This is an automated email from the ASF dual-hosted git repository.
lewismc pushed a commit to branch master
in repository https://gitbox.apache.org/repos/asf/nutch.git
The following commit(s) were added to refs/heads/master by this push:
new da5570826 [NUTCH-3160] Remove System.exit(..) from reusable code (#903)

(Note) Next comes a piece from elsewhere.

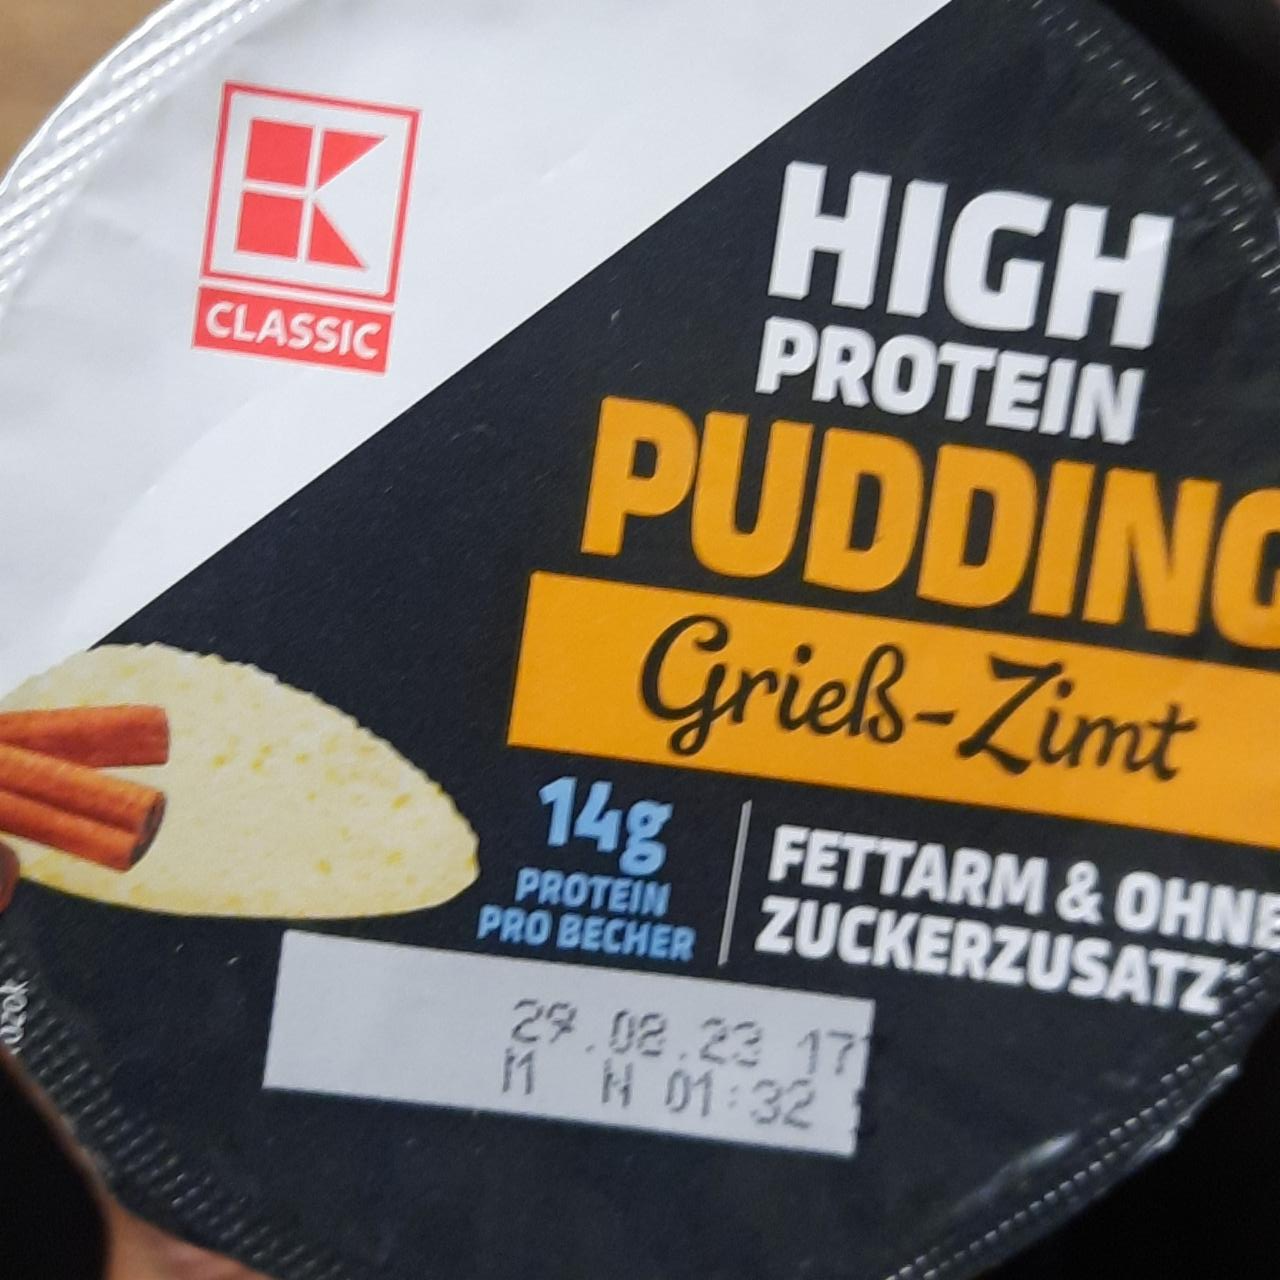 Фото - High protein pudding Greiss-Zimt K-Classic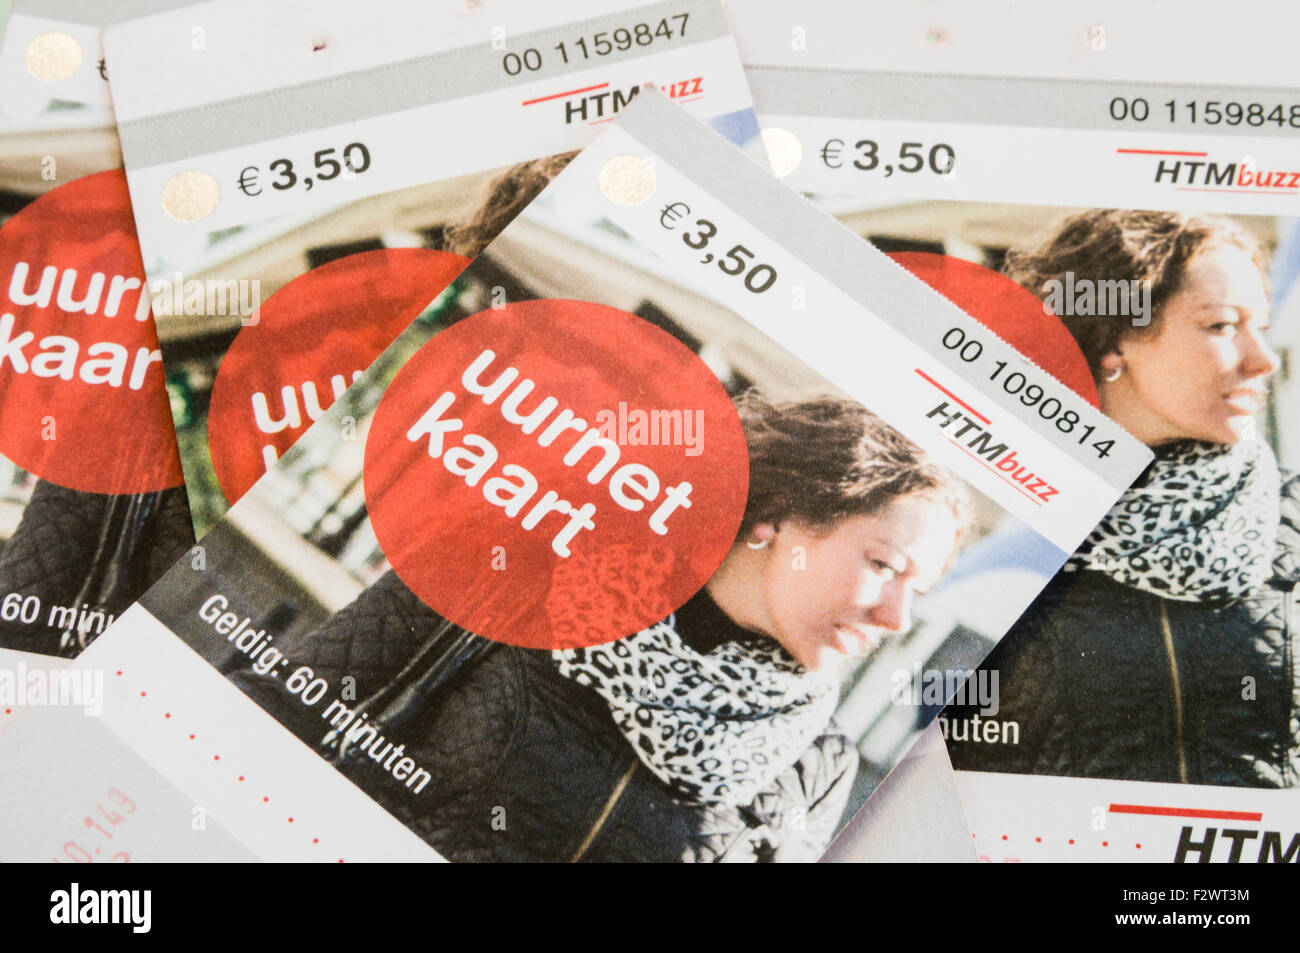 One hour tram tickets for the HTMbuzz bus in The Hague, Netherlands Stock Photo

da5570826 is described below
commit da557082662227cde52959652f406446496044da
Author: Luca <[email protected]>
AuthorDate: Fri Feb 27 00:25:16 2026 +0000
[NUTCH-3160] Remove System.exit(..) from reusable code (#903)
---
src/java/org/apache/nutch/metrics/NutchMetrics.java | 3 +++
.../apache/nutch/tools/CommonCrawlDataDumper.java | 8 +++++++-
.../nutch/tools/TestCommonCrawlDataDumper.java | 21 +++++++++++++++++++++
3 files changed, 31 insertions(+), 1 deletion(-)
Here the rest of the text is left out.